If Mahathir cannot understand that it was no real option for Muhammad in Septebmer 199 to report to anyone - whether in the judiciary, the police or even the Prime Minister - against the Chief Justice’s “telephone directive”, then the country is faced with a very long and bleak road ahead just to fulfil the wish of the new Chief Justice of the Federal Court, Tan Sri Mohamed Dzaiddin Abdullah to restore public confidence in the judiciary in his two-year tenure in office.
Mahathir was being most unfair in criticising Muhammad for not immediately lodging a report after receiving the telephone directive from his judicial superior - as there was simply nobody superior in any branch of government he could trust to whom he could report to!

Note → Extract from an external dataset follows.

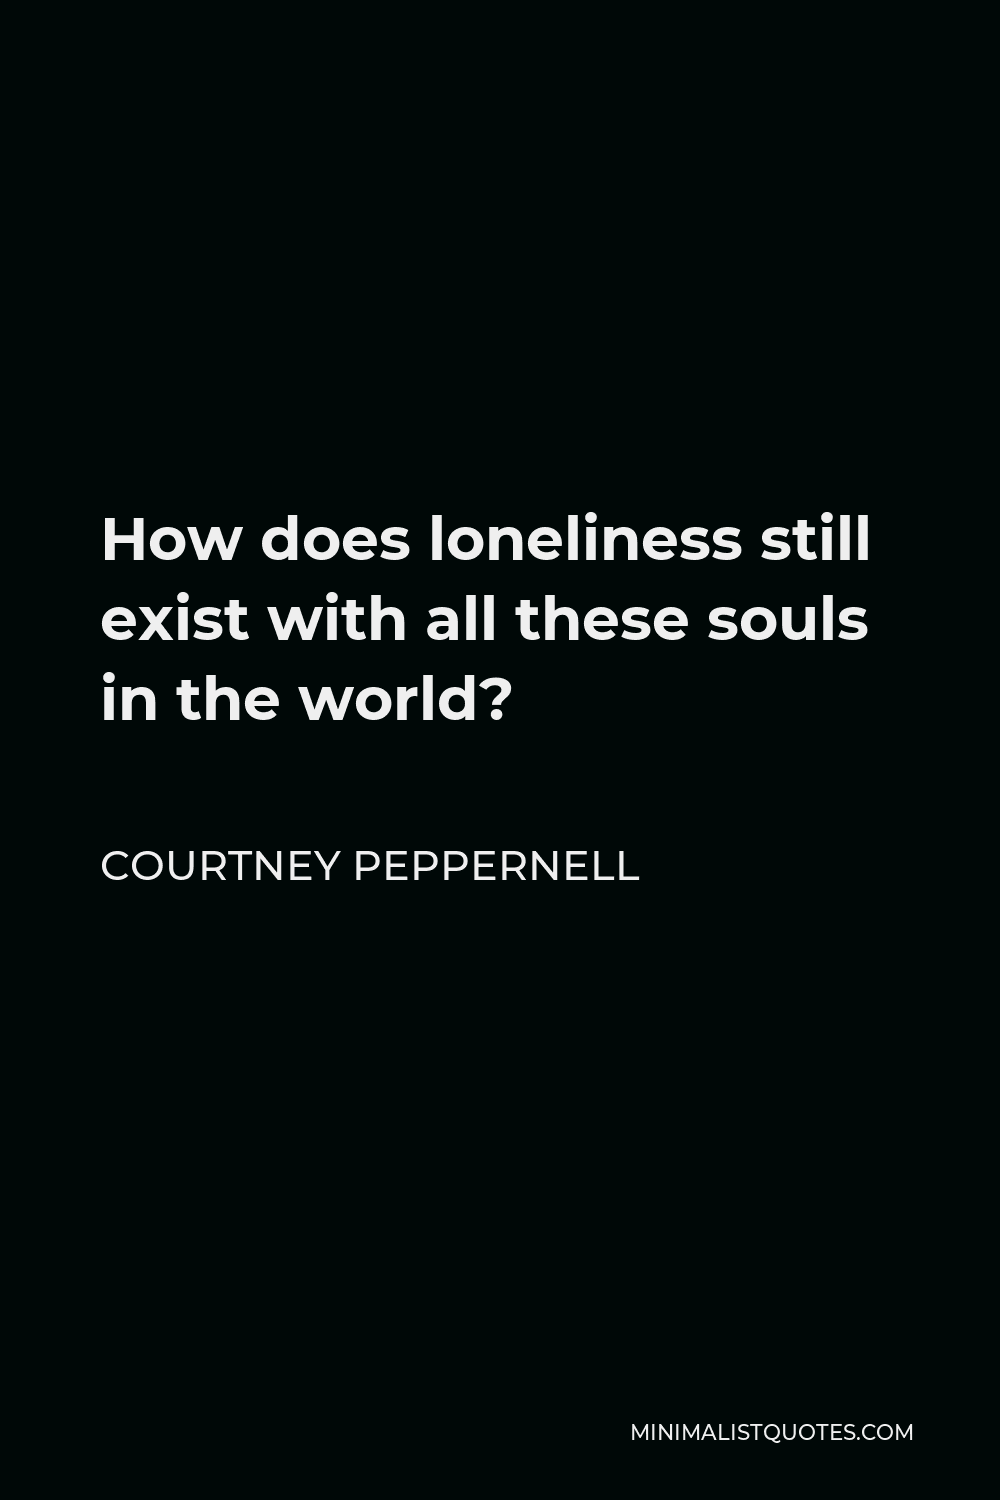 Courtney Peppernell Quote - How does loneliness still exist with all these souls in the world?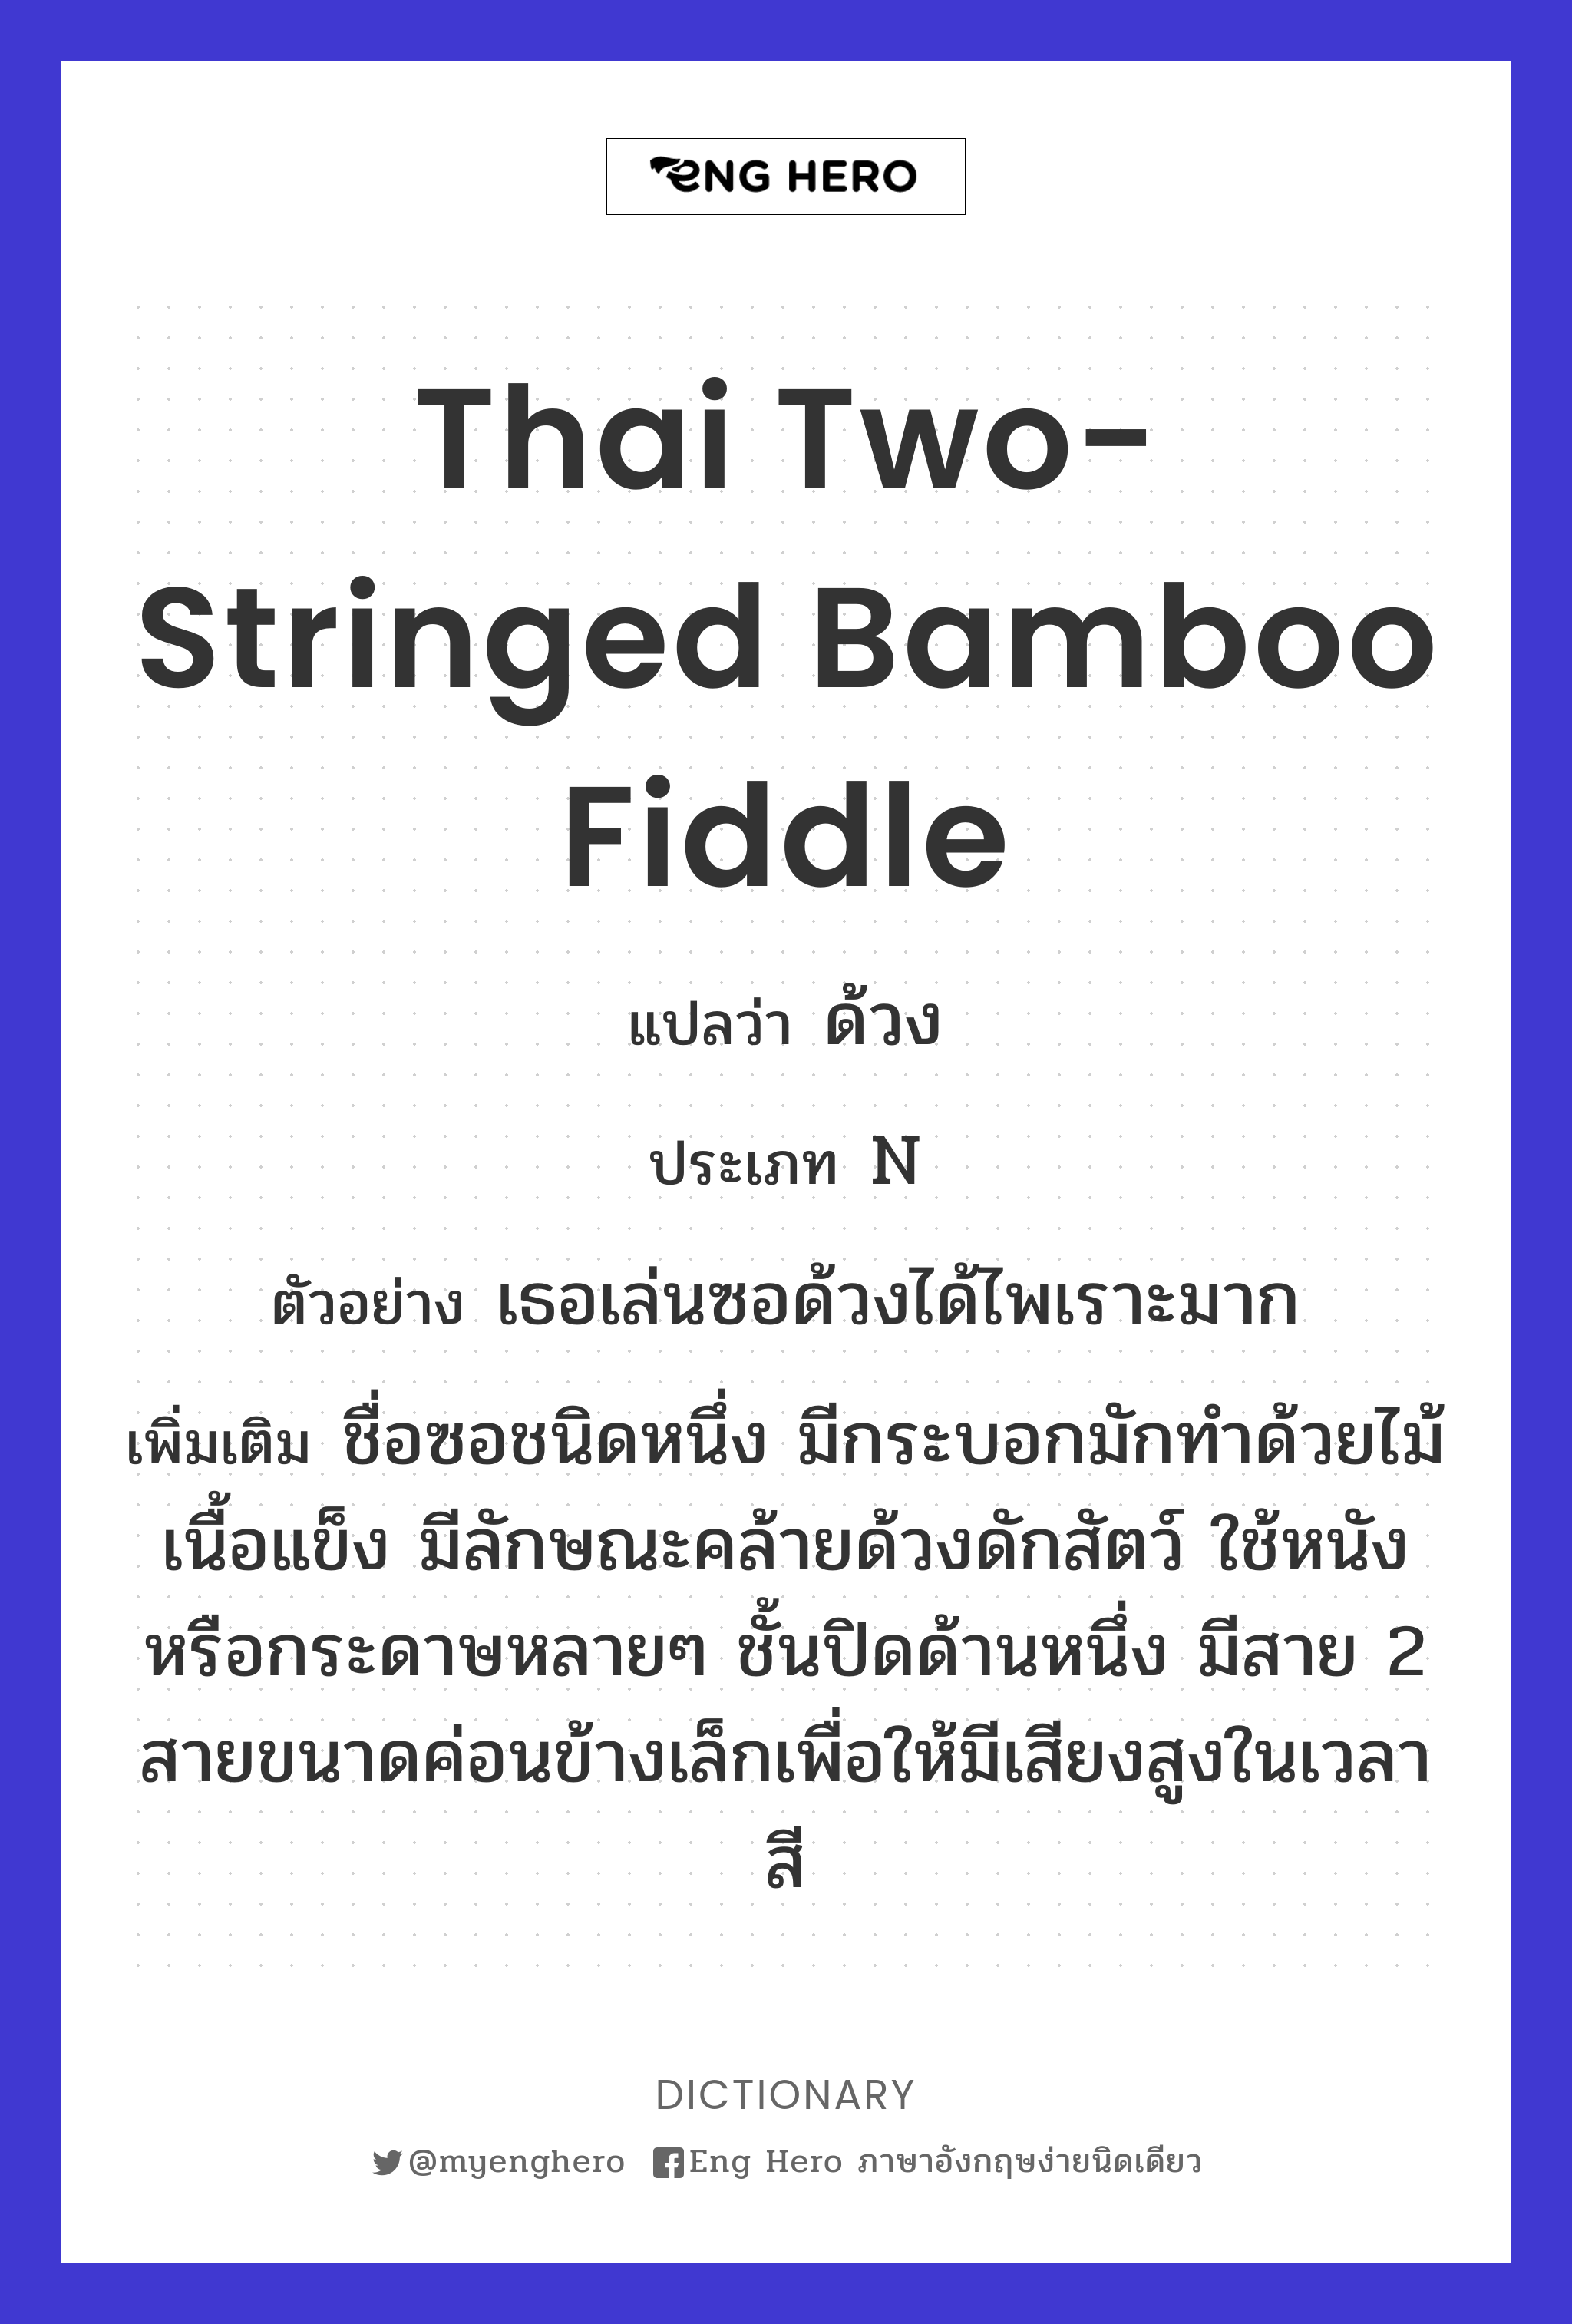 Thai two-stringed bamboo fiddle

The Prime Minister may not agree, but this does not wipe out the fact
that 1999 was one of the darkest periods of the judiciary, and no
less a person than the present Chief Justice of the Federal Court, Tan
Sri Mohamed Dzaiddin
Abdullah admitted to the "unpalatable fact that public
confidence in the judiciary has eroded in the last few years" at his
first meeting with 71 senior judges on 13th January 2001 soon
after his appointment.
At the meeting, Dzaiddin acknowledged that "in reality, this negative
perception has held back the country’s development as multinational corporations
and foreign investors are reluctant to invest because they perceive there
is no level
playing field", causing them to prefer arbitration outside Malaysia
in the event of dispute.
In September 1999, when the “telephone directive” was alleged to have been made, Eusuff Chin was riding high and no allegations, however serious, could touch him.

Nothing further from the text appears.